Vistaar: Diverse Benchmarks and Training Sets for Indian Language ASR
The paper "Vistaar: Diverse Benchmarks and Training Sets for Indian Language ASR" by Kaushal Santosh Bhogale et al. addresses critical improvements in Automatic Speech Recognition (ASR) systems within the context of Indian languages. With a significant portion of the Indian population being print illiterate and the nation's linguistic diversity, the development of accurate ASR systems becomes significantly impactful. This paper proposes Vistaar, a collection of diverse benchmarks, and introduces IndicWhisper, a family of ASR models fine-tuned for Indian languages.
Key Contributions
- Vistaar Benchmark Compilation: The authors have curated a set of 59 benchmarks across 12 Indian languages and various domains/data types to evaluate ASR systems. This includes datasets like Kathbath, CommonVoice, FLEURS, and others. These benchmarks reveal the diversity in speakers, audio collection environments, and domains, encompassing both studio-quality and crowd-sourced audio data.
- IndicWhisper ASR Models: By fine-tuning OpenAI's Whisper models on a comprehensive set of training data termed Vistaar-Train, the paper introduces IndicWhisper. This training set aggregates over 10,000 hours of audio across 12 languages, from sources like Shrutilipi, NPTEL, and IndicTTS, among others.

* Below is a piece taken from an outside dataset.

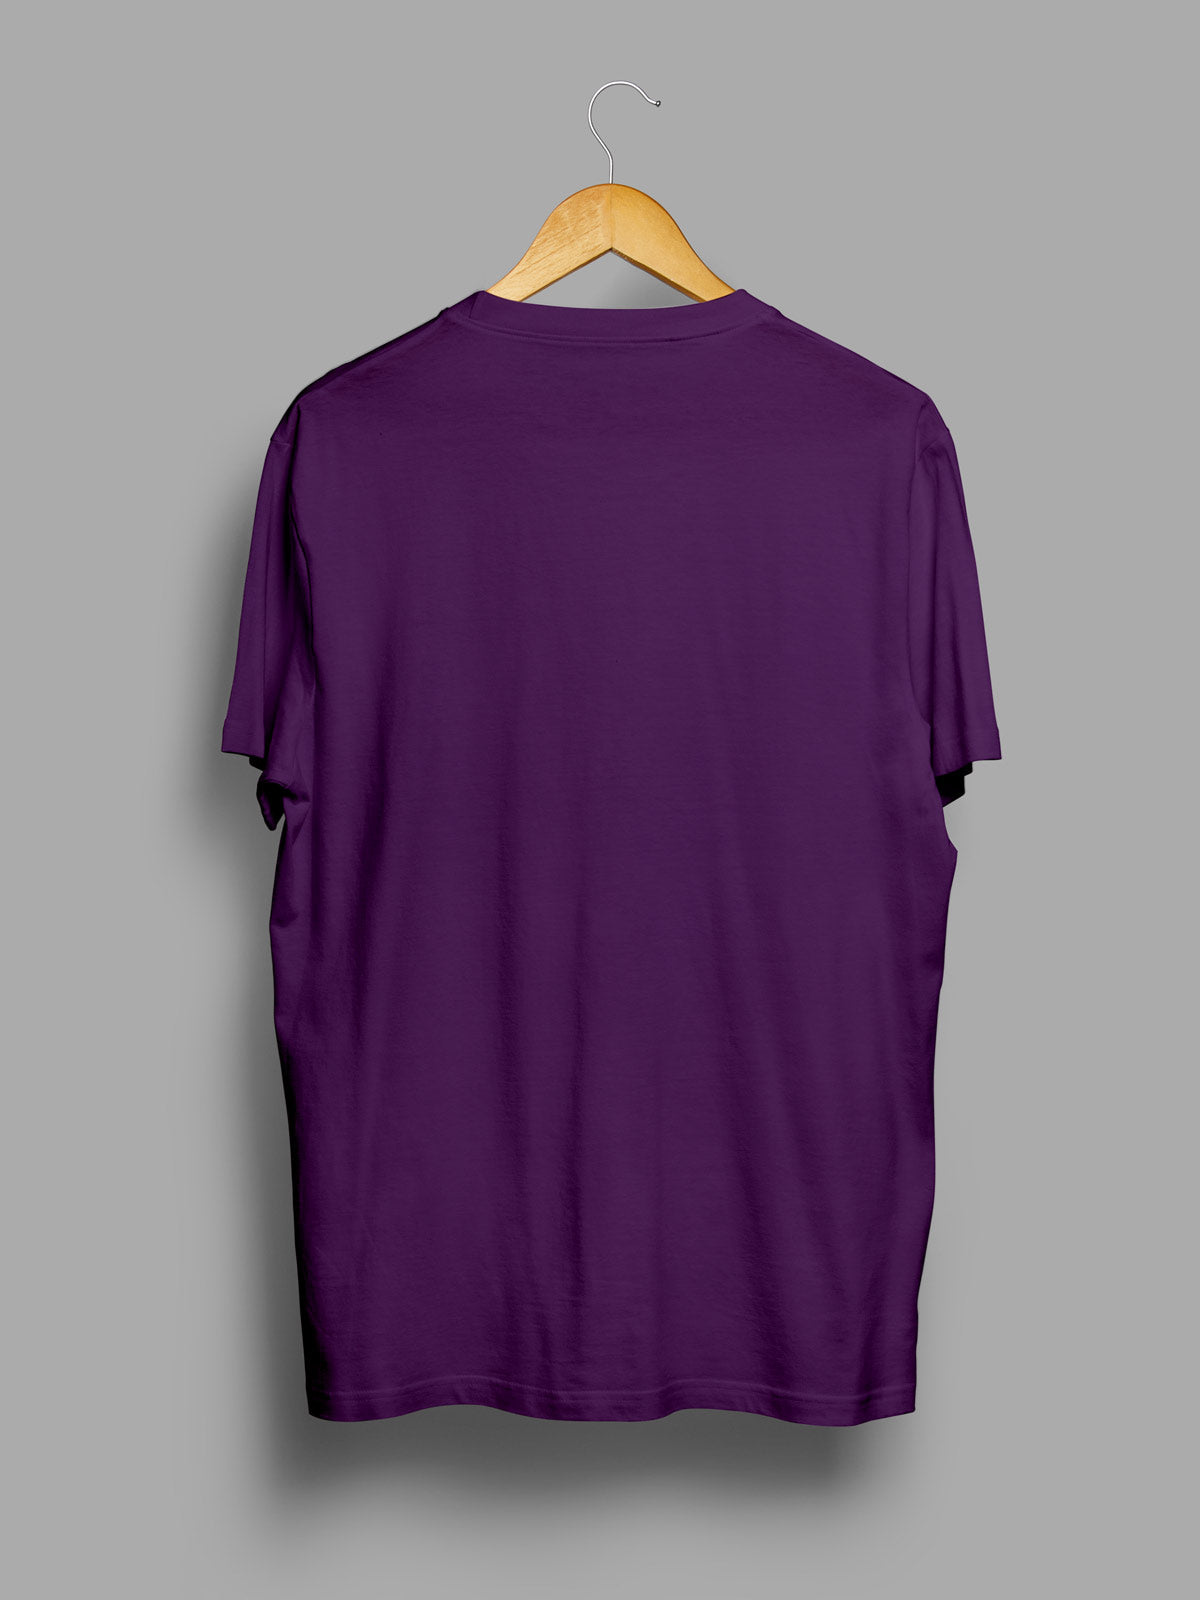 Pack of 3 | Muted Peach, Deep Purple & Coffee Brown Unisex Plain T shirt

- Evaluation Results: IndicWhisper models exhibit superior performance against publicly available models like IndicWav2Vec and commercial ASR systems such as Google and Azure. IndicWhisper achieves the lowest Word Error Rate (WER) in 39 out of the 59 benchmarks.
Detailed Analysis
The paper presents a meticulous evaluation of existing ASR systems using the Vistaar benchmark. Results show noticeable discrepancies among ASR models, with IndicWhisper models outperforming others by significant margins, especially in challenging acoustic environments. The empirical results highlight the variability in ASR performance depending heavily on the dataset used, indicating that reliance on a singular benchmark might misrepresent a model's effectiveness across different conditions and languages.
Implications and Future Directions
This research has far-reaching implications in enhancing accessibility and user interaction with technology for non-English speakers through robust ASR systems. The successful development and deployment of such systems could lead to substantial societal impacts, potentially transforming how information and services are accessed in linguistically diverse regions.

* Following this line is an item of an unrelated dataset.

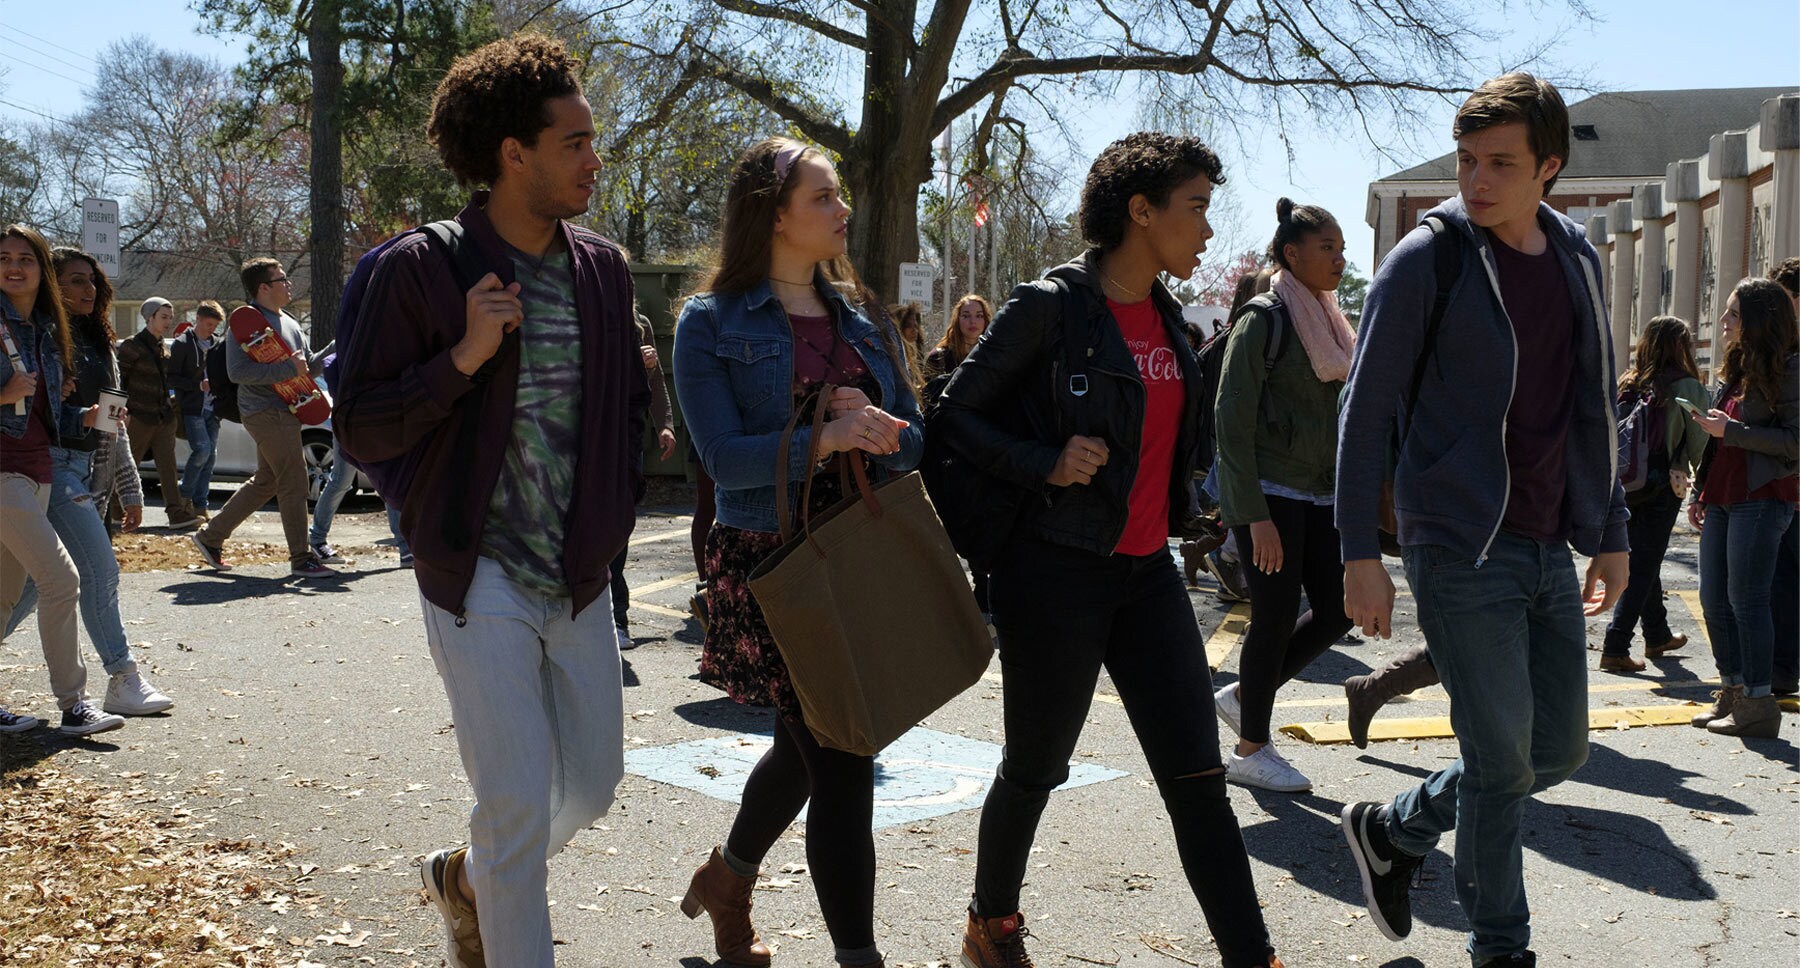 Alexandra Shipp (as Abby), Nick Robinson (as Simon), Jorge Lendeborg Jr. (as Nick),and Katherine Langford (as Leah) walking to school in Love, Simon

Future work should explore:
- Expanding training datasets to include even more linguistic variety,
- Developing strategies to balance ASR accuracy across different languages with varied amounts of training data,
- Implementing domain-specific LLMs that can complement generic acoustic models, thereby improving performance in specialized applications.
In conclusion, the paper provides a substantial contribution to the field of ASR for low-resource languages by establishing a well-rounded benchmark and demonstrating the benefits of diverse training datasets through the IndicWhisper models. The complete open-sourcing of the datasets, code, and models enhances reproducibility and further research potential in this domain.